Saturday 20 July 2019

Nobody lies to Google

Search engines, as it turns out, are truth tellers. Humans, with no ill intent, lie about 30% of the time. These aren’t typically big, bold lies. They include half-truths, like when you tell everyone on Facebook your kids are the most beautiful children on Earth. Well, to you they are. To the rest of us, they’re a pain in the butt (just kidding?)  
On social networking sites in particular, we’re prone to show only the unblemished, airbrushed side of ourselves. By contrast, we tend to reveal almost everything through our searches, and Google aggregates every mega-byte of this truth for researchers to utilize. 

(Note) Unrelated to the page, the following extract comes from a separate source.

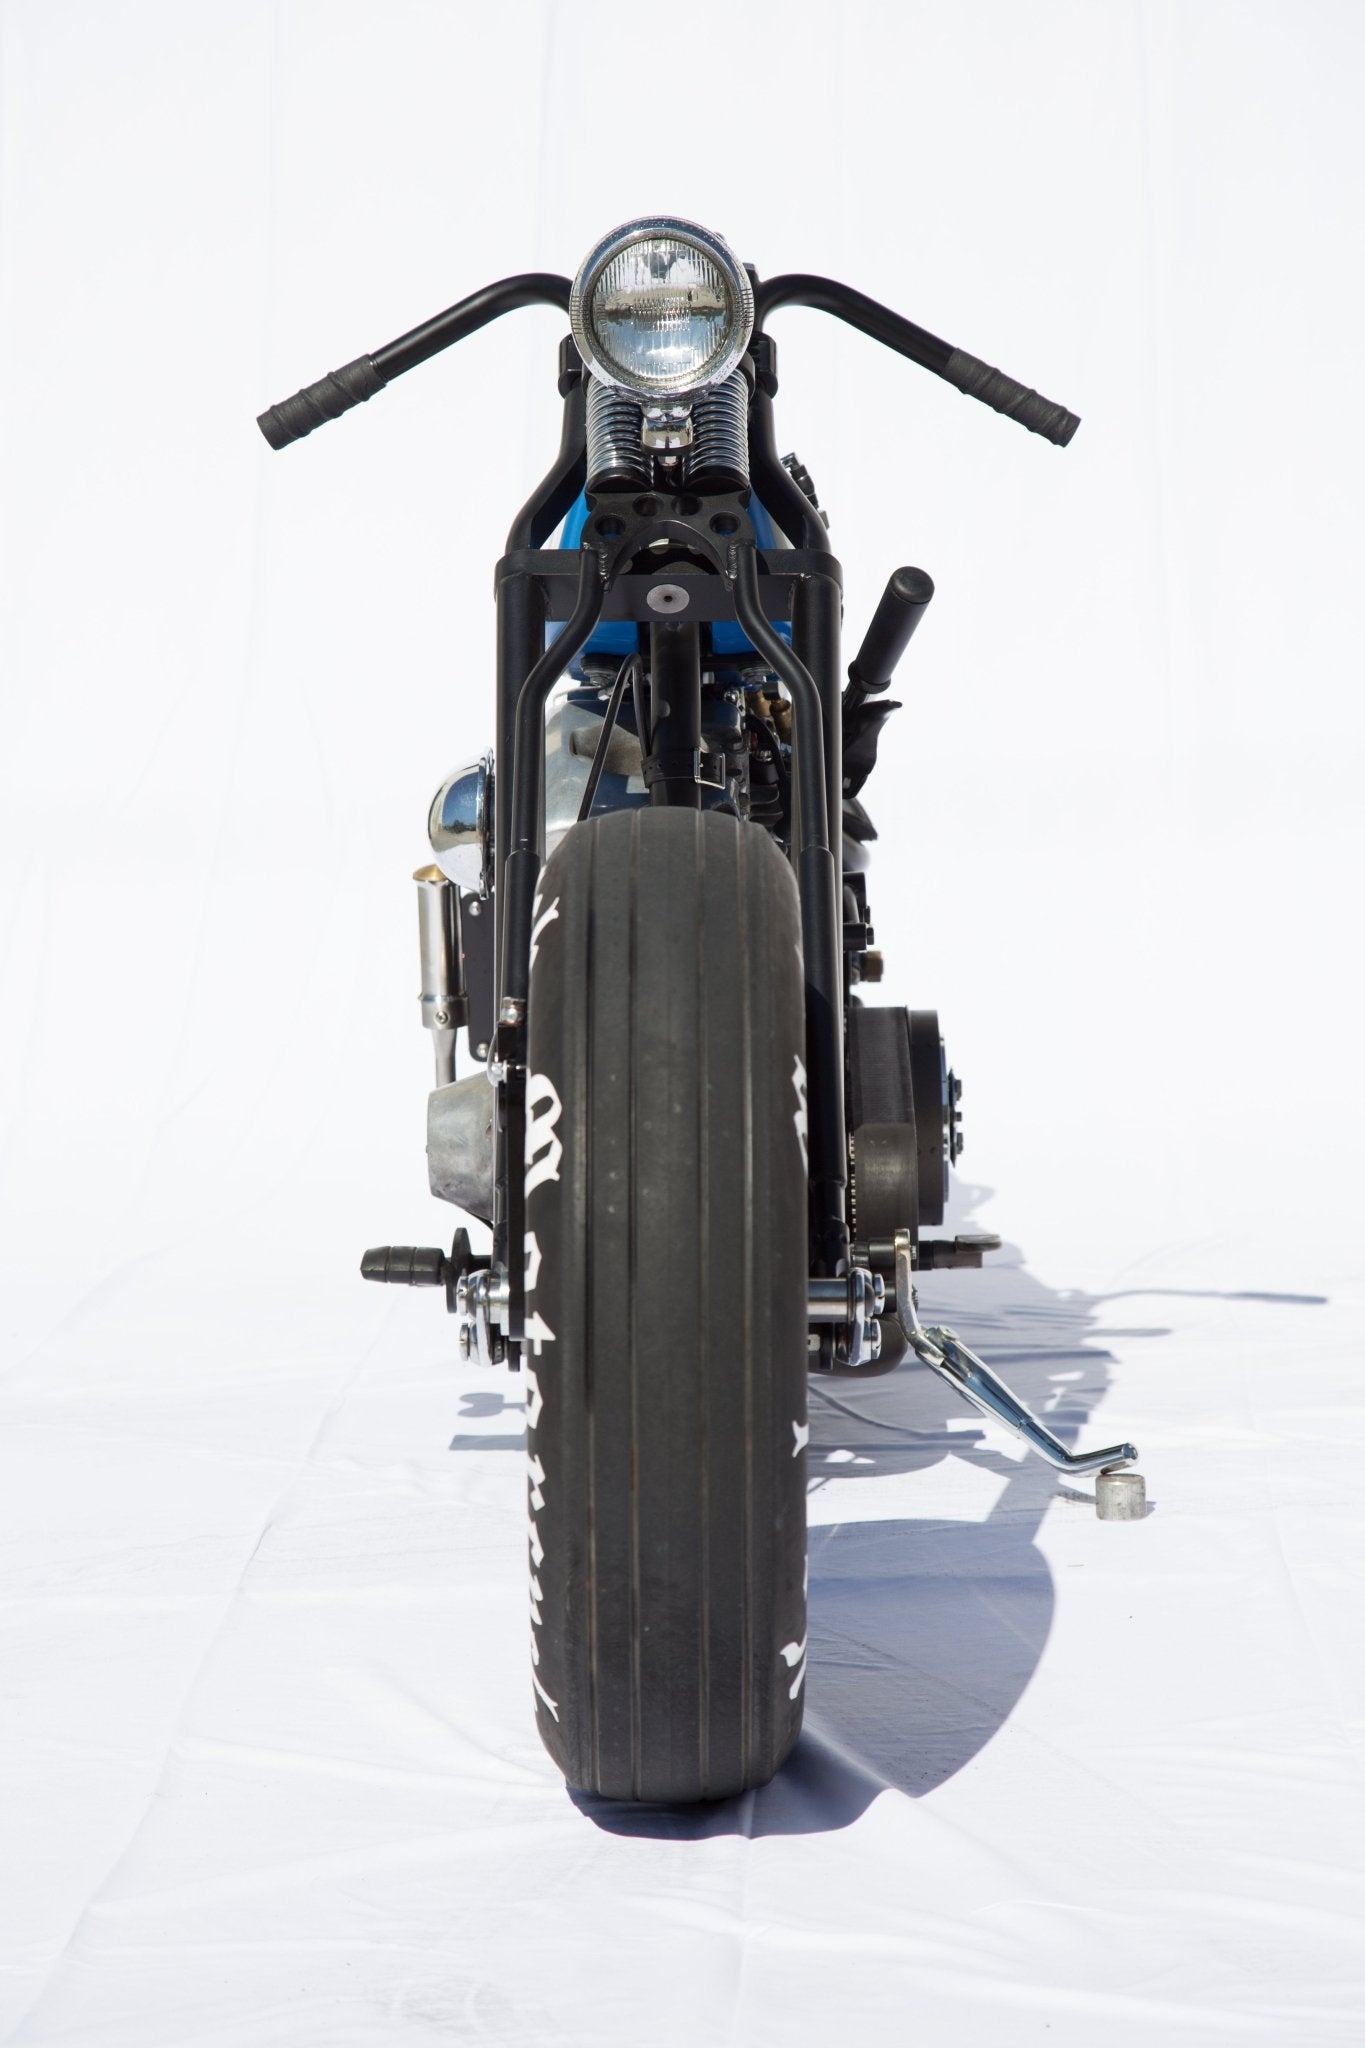 Nash Motorcycle KO Chopper - TheArsenale

Since 2009, a program called Google Trends reveals how frequently any word or phrase has been searched by time and location. Seth Stephens-Davidowotitz ended up writing his thesis based on this data, then a book called Everybody Lies: Big Data, New Data, and What the Internet Can Tell Us About Who We Really Are“The everyday act of typing a word or phrase into a compact rectangular white box leaves a small trace of truth that, when multiplied by millions, eventually reveals profound realities,” he writes. 
For example, did you think America had overcome its racist past when Obama was elected president? It turns out that Google searches for the N-word took off after his election. In America’s mid-west, both southern and northern states, Google searches showed an unsettling growth in racist queries and jokes.
Did you also think, as polls had indicated, that Hillary Clinton would be the current president of the United States in 2016? That same plotted map of racist attitudes showed exactly where Trump was the most successful. 
Google searches reveal a lot about us as humans. Women are most concerned about how they smell and men are most concerned about the size of a certain appendage. Women are also more concerned about whether their husband is gay than if he’s cheating on them. Is my husband gay? searches are the most common in conservative states like Alabama. Being a gay man in Alabama carries risks, after all. 
 Anxiety-related searches are highest in places with low education, lower incomes and more rural areas. Interestingly, anxiety-related searches rarely increase after terrorist attacks in major European and American cities where these attacks are most prone to occur.  
Google searches also reveal health issues in different regions, affecting various ages and populations. Measles and flu outbreaks can be monitored simply by watching trends in Google searches. 
It’s data like this that can inform social policy. What if, for example, we target funding for mental health in those rural areas where depression and anxiety are most often queried? What if resources are immediately sent to areas where flu symptoms and measles are first Googled? 
Governments can now track the national mood and social issues facing different regions of a nation. This can lead to a more efficient use of resources, just like private companies target specific consumers. 
Trends in Google searches are more effective than any survey (where we still often lie) or focus group (which takes time and money). 
It's time to use all this data for the public good rather than just for profit.